Meera
(Meera Datey)
1
Hello,
I am using Mongodb Vector database with LangChain. I would like to add a metadata to each documents
and use the metadata to filter the results.
Can someone guide me?
loader = WebBaseLoader(
[ " http://mongodb.com "
]
)
data = loader.load()
text_splitter = RecursiveCharacterTextSplitter(chunk_size=4000, chunk_overlap=500)
docs = text_splitter.split_documents(data)
metadata = {"user-id": "your-user-id"}
# Add Metadata to all docs here
client = MongoClient(self.config.mongodb_uri)
MONGODB_COLLECTION = client[self.config.vector_db_name][self.config.collection_name]
MongoDBAtlasVectorSearch.from_documents(
documents=docs,
embedding=OpenAIEmbeddings(disallowed_special=()),
collection=MONGODB_COLLECTION,
index_name=self.config.search_index_name,
metadata=metadata
)
And in retrieval
# Add pre-filter here.
vector_search = MongoDBAtlasVectorSearch.from_connection_string(
self.config.mongodb_uri,
self.config.vector_db_name + "." + self.config.collection_name,
OpenAIEmbeddings(disallowed_special=()),
index_name=self.config.search_index_name,
)
retriever = vector_search.as_retriever()
Hello Meera,
Thanks for question. You can absolutely filter on metadata using Atlas Vector Search. The way you do this is by defining additional fields from your document that you’d like to filter on in the index.

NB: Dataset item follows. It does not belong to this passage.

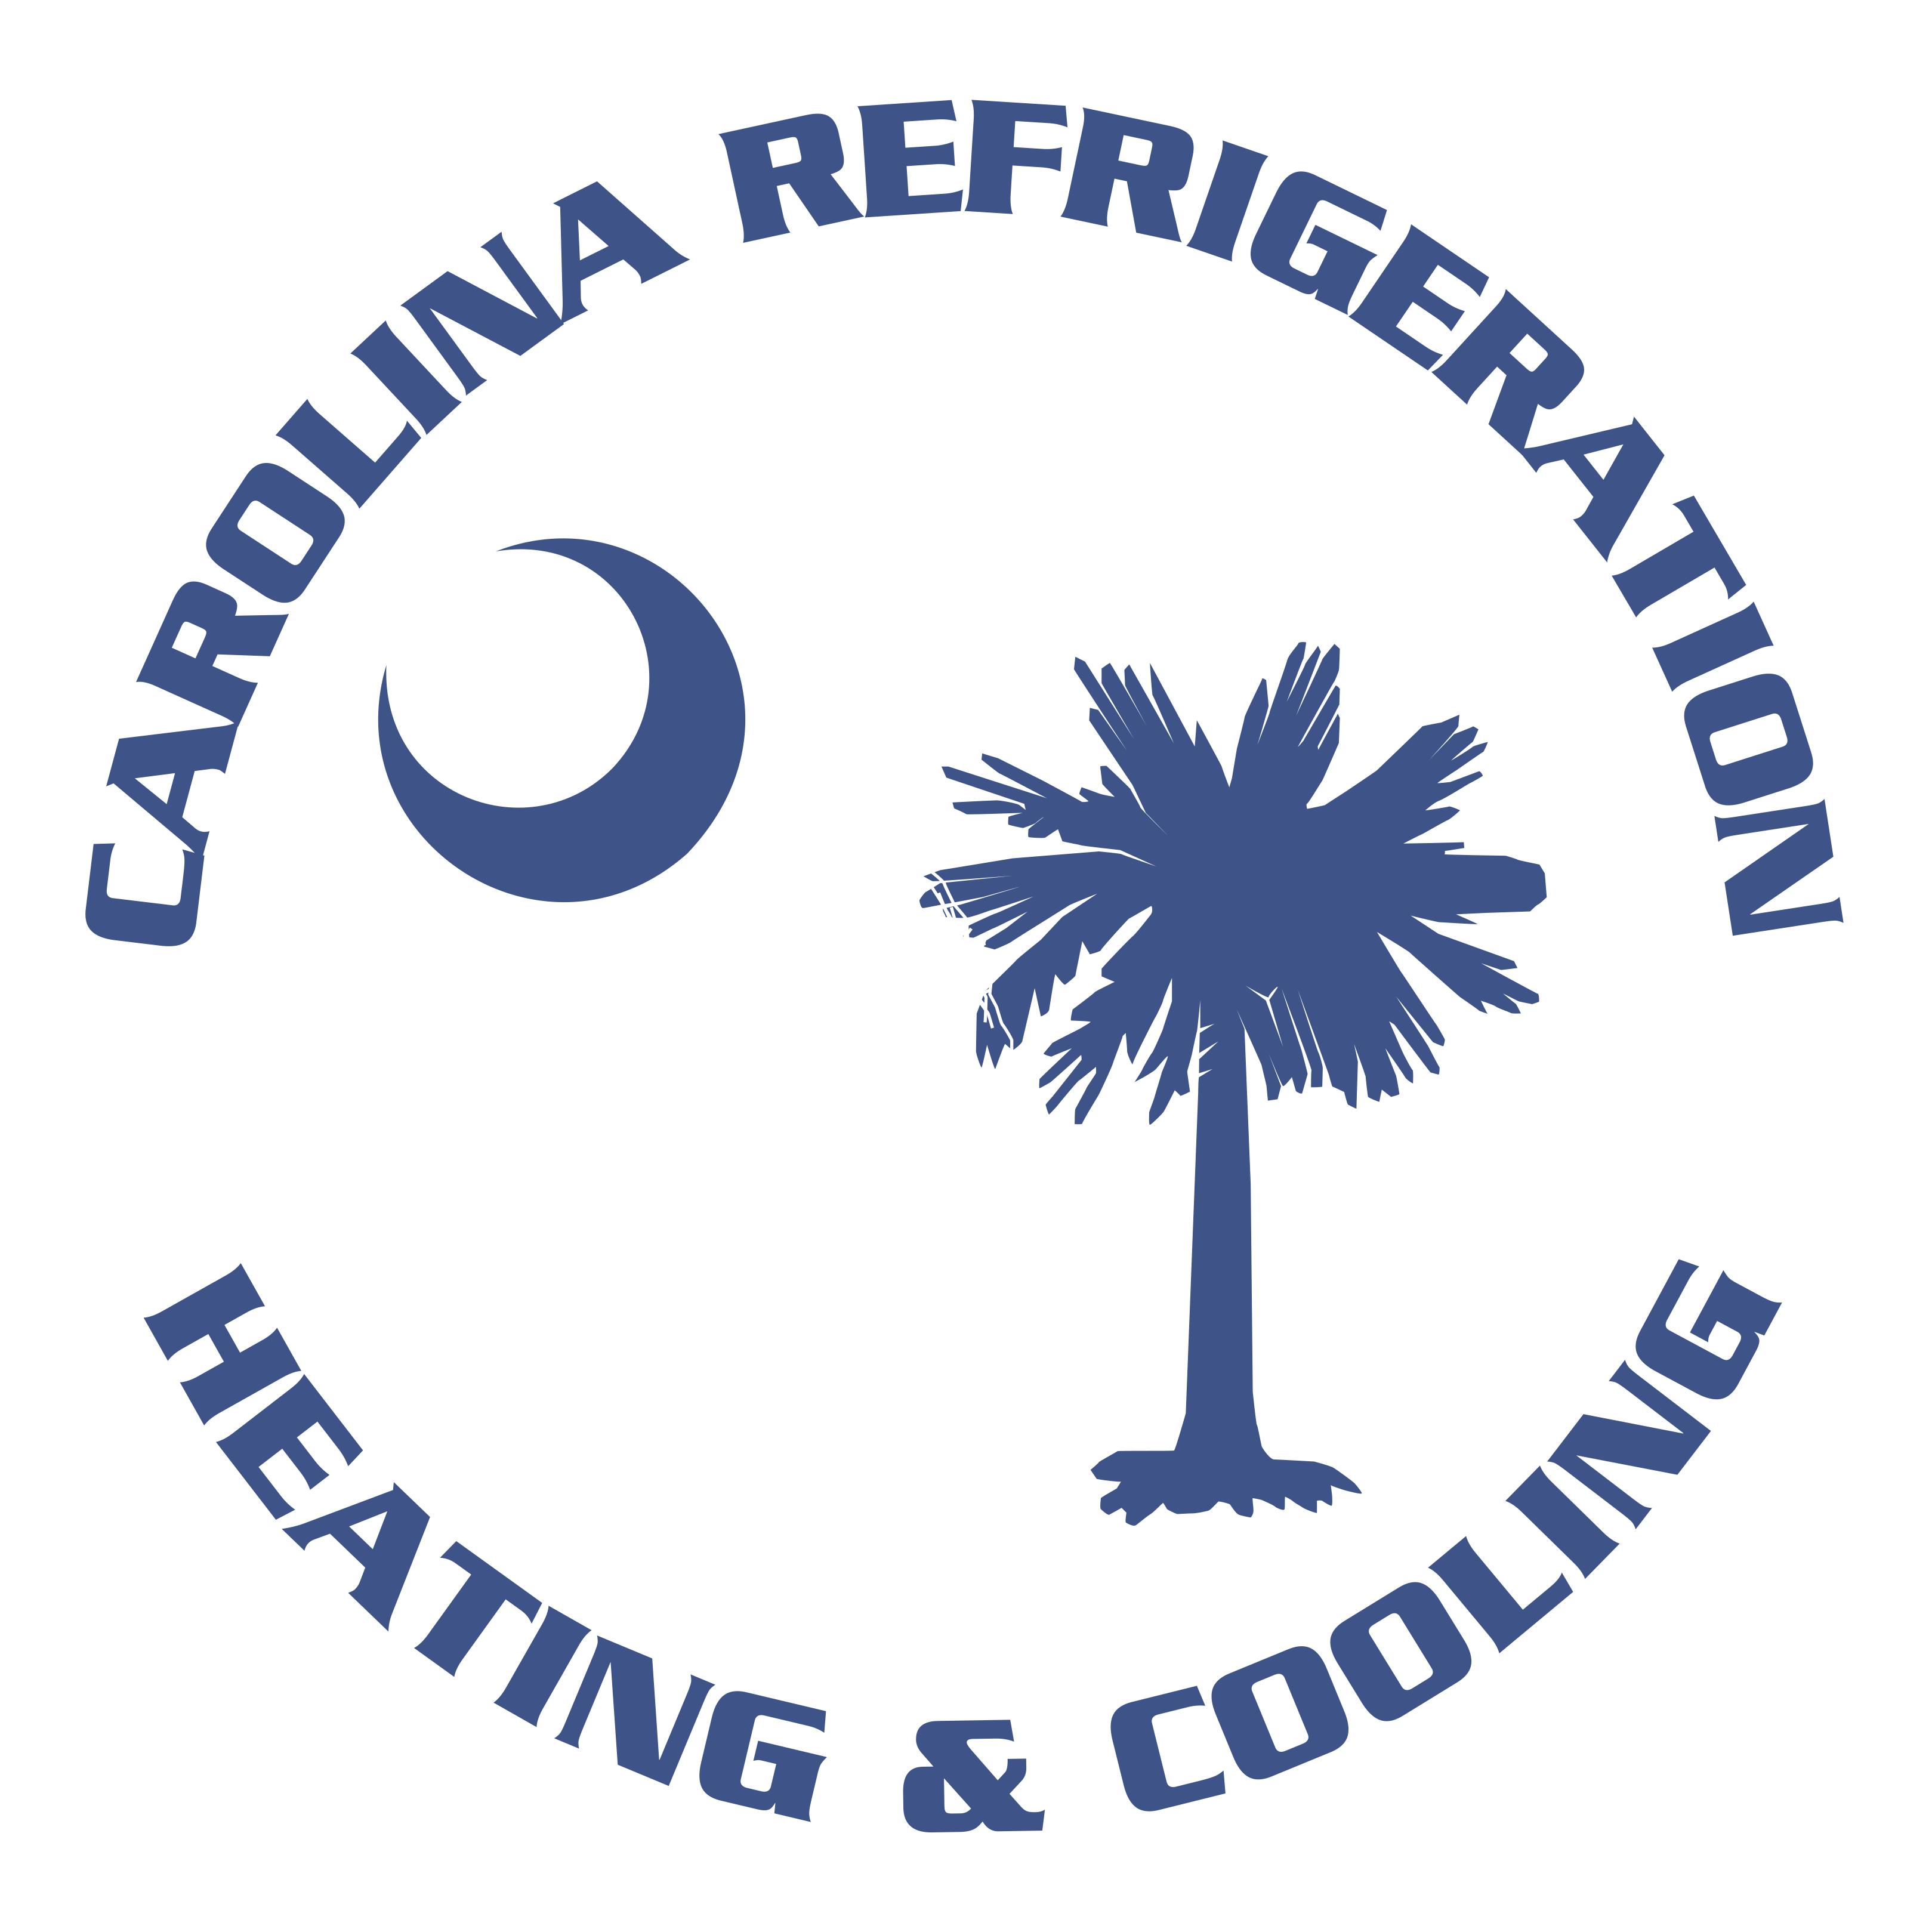 Carolina Refrigeration Heating and Cooling - Rock Hill, SC 29730 - (803)984-4173 | ShowMeLocal.com
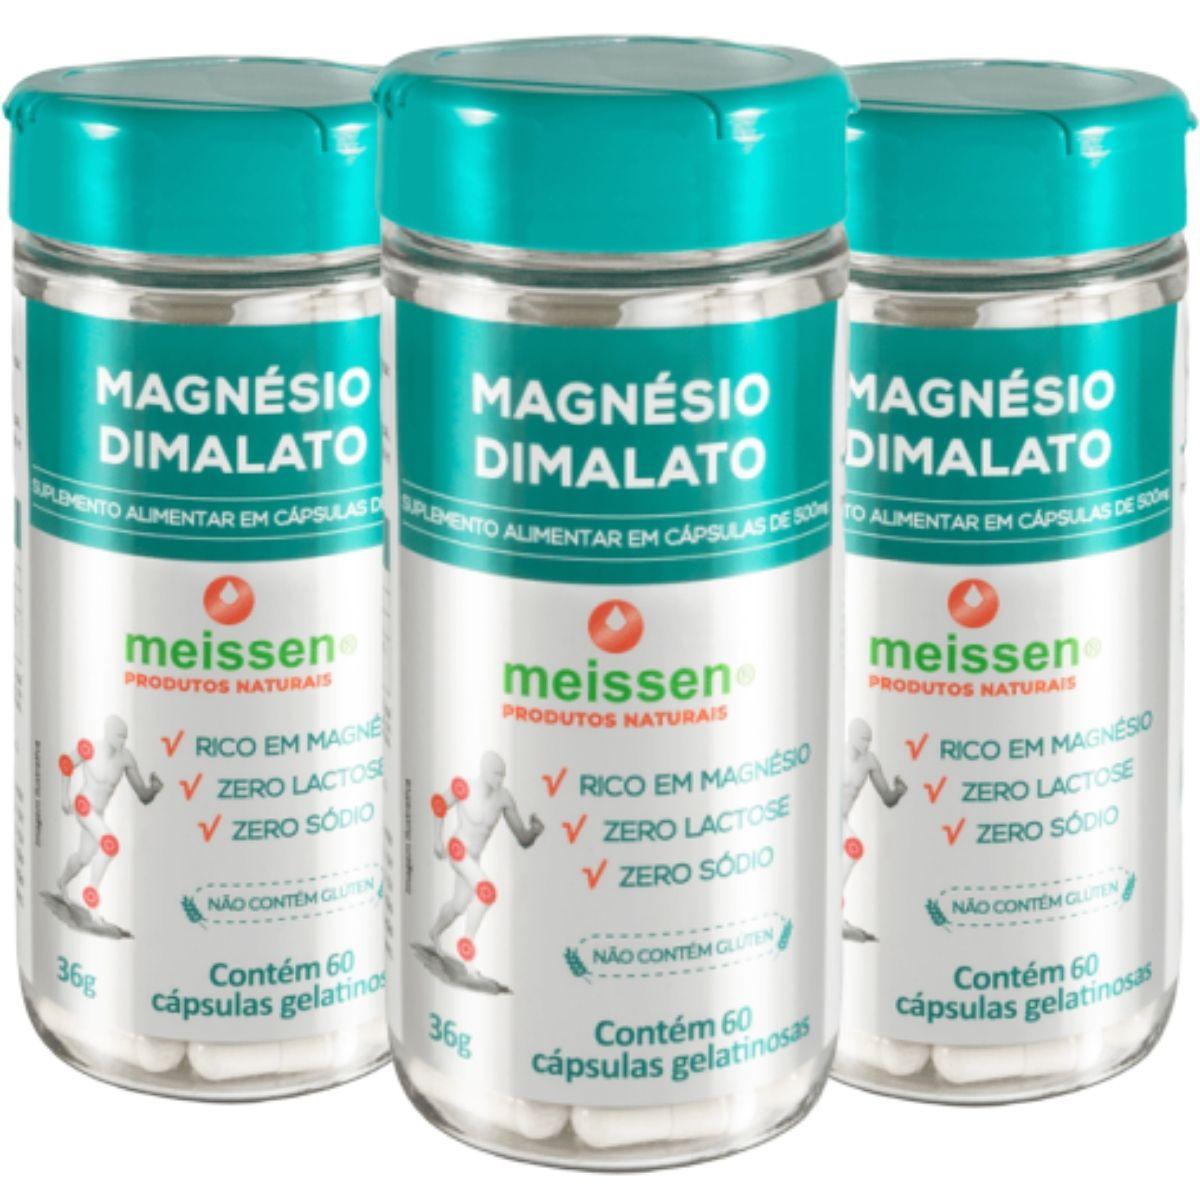 3 Magnesio Dimalato  Puro - 180 Capsulas - 2 x Dia - Meissen

This documentation shows how to setup that index and query with filters in the “Filter” example: https://www.mongodb.com/docs/atlas/atlas-vector-search/vector-search-stage/#examples
And, if you’re using Langchain, the documents here on Langchain also show how to use the filter in the Langchain syntax: MongoDB Atlas | 🦜️🔗 Langchain
Meera
(Meera Datey)
3
Thanks!
I am working with Langchain, and the resource you provided worked for filtering the results for retrieval.
Followup question is:
How do I populate the vector database with custom metadata field ?
This is how I am adding the metadata
text_splitter = RecursiveCharacterTextSplitter(chunk_size=1000, chunk_overlap=100)
docs = text_splitter.split_documents(data)
# Help me find a better way than iterating over all the documents
for i, doc in enumerate(docs):
doc.metadata["user_id"] = user_id
MongoDBAtlasVectorSearch.from_documents(
documents=docs,
embedding=OpenAIEmbeddings(disallowed_special=()),
collection=MONGODB_COLLECTION,
index_name=self.config.search_index_name,
)
Now for the retriever
docs = text_splitter.split_documents([data], metadatas = [{'"user_id"' : user_id}] )
The above should do the job
Refer Split by character | 🦜️🔗 Langchain (Look for the metadata section)
1 Like
Hello @Owais_Iqbal ,
I have more complex requirement for metadata. I want to store metadata filed which maps to a value as array of string.
To use above example:
docs = text_splitter.split_documents([data], metadatas = [{'"user_id"' : ["user_id1", "user_id2", "user_id3"]}] )